▸ SOURCE RECORDS:
- - -
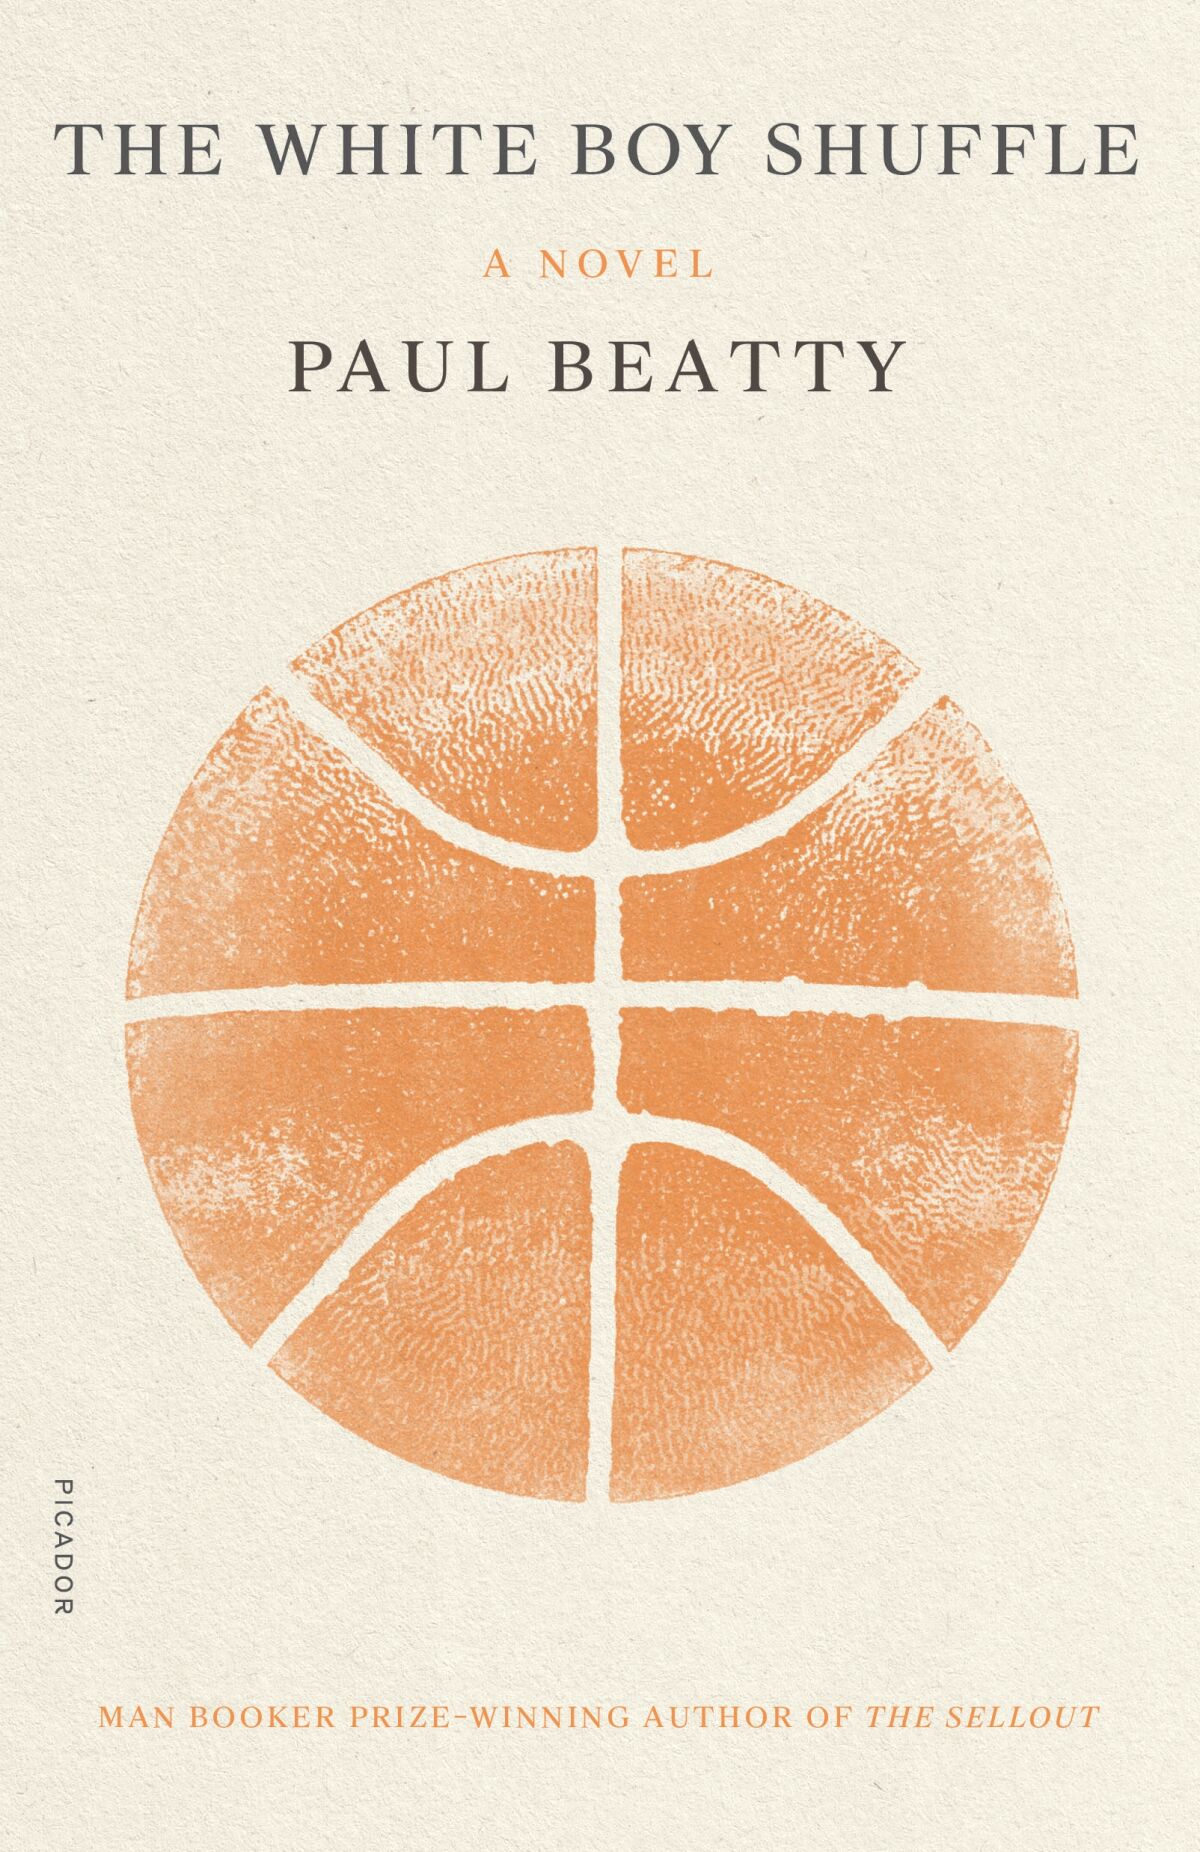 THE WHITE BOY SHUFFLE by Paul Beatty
- - -
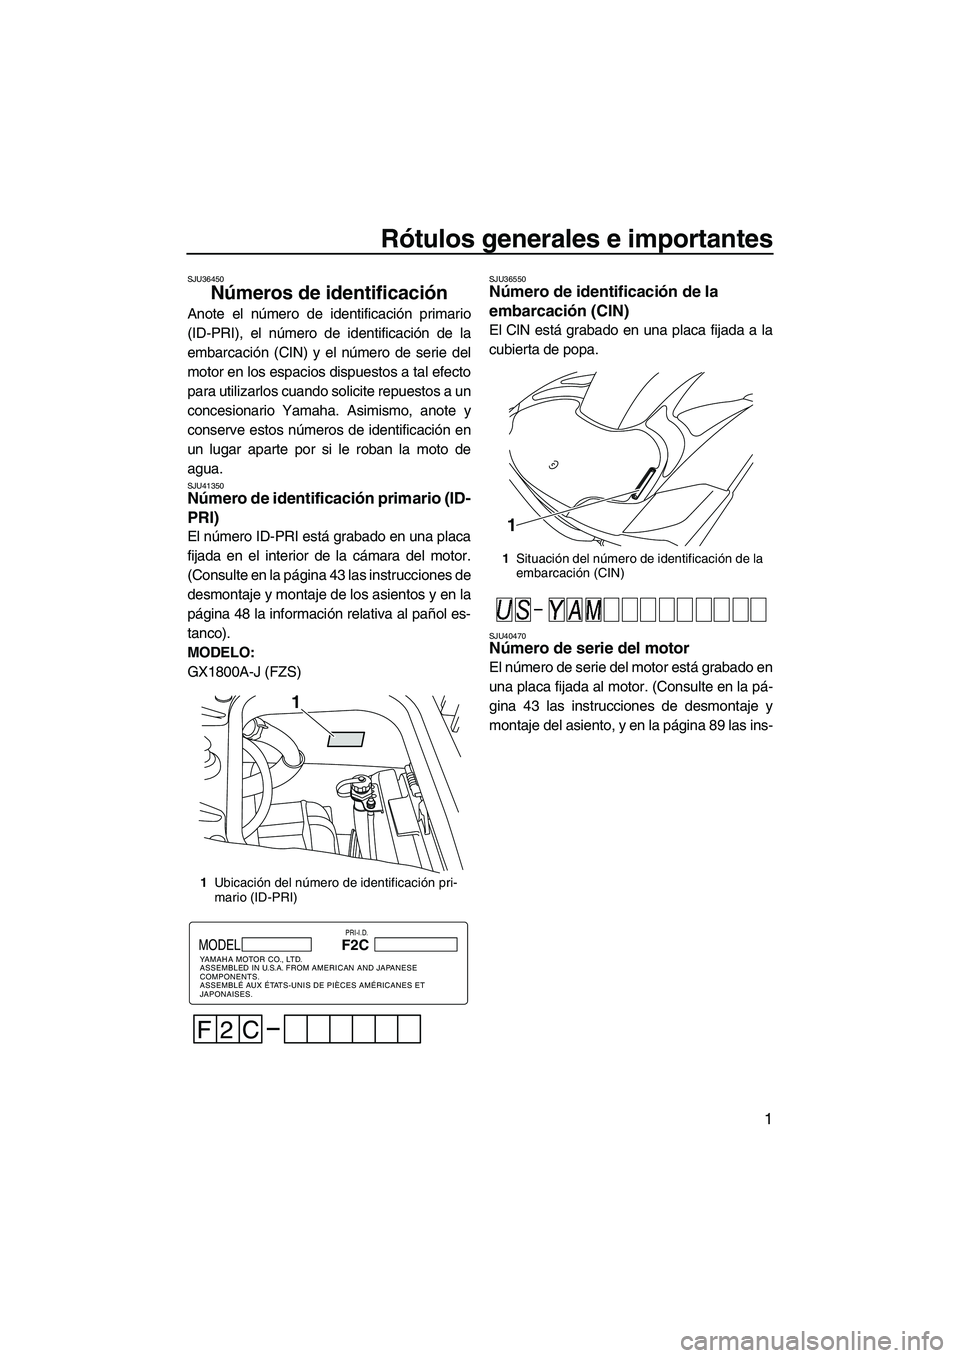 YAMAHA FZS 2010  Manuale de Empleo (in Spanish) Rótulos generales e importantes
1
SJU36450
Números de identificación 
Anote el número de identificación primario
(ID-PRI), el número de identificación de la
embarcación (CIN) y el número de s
- - -
▸ EXERCISE DETAILS: Retype the lines above exactly as they appear, from the line containing "YAMAHA FZS 2010" through the line containing "embarcación (CIN) y el número de s", and leave out any pictures.

▸ OUTPUT BELOW:
 YAMAHA FZS 2010  Manuale de Empleo (in Spanish) Rótulos generales e importantes
1
SJU36450
Números de identificación 
Anote el número de identificación primario
(ID-PRI), el número de identificación de la
embarcación (CIN) y el número de s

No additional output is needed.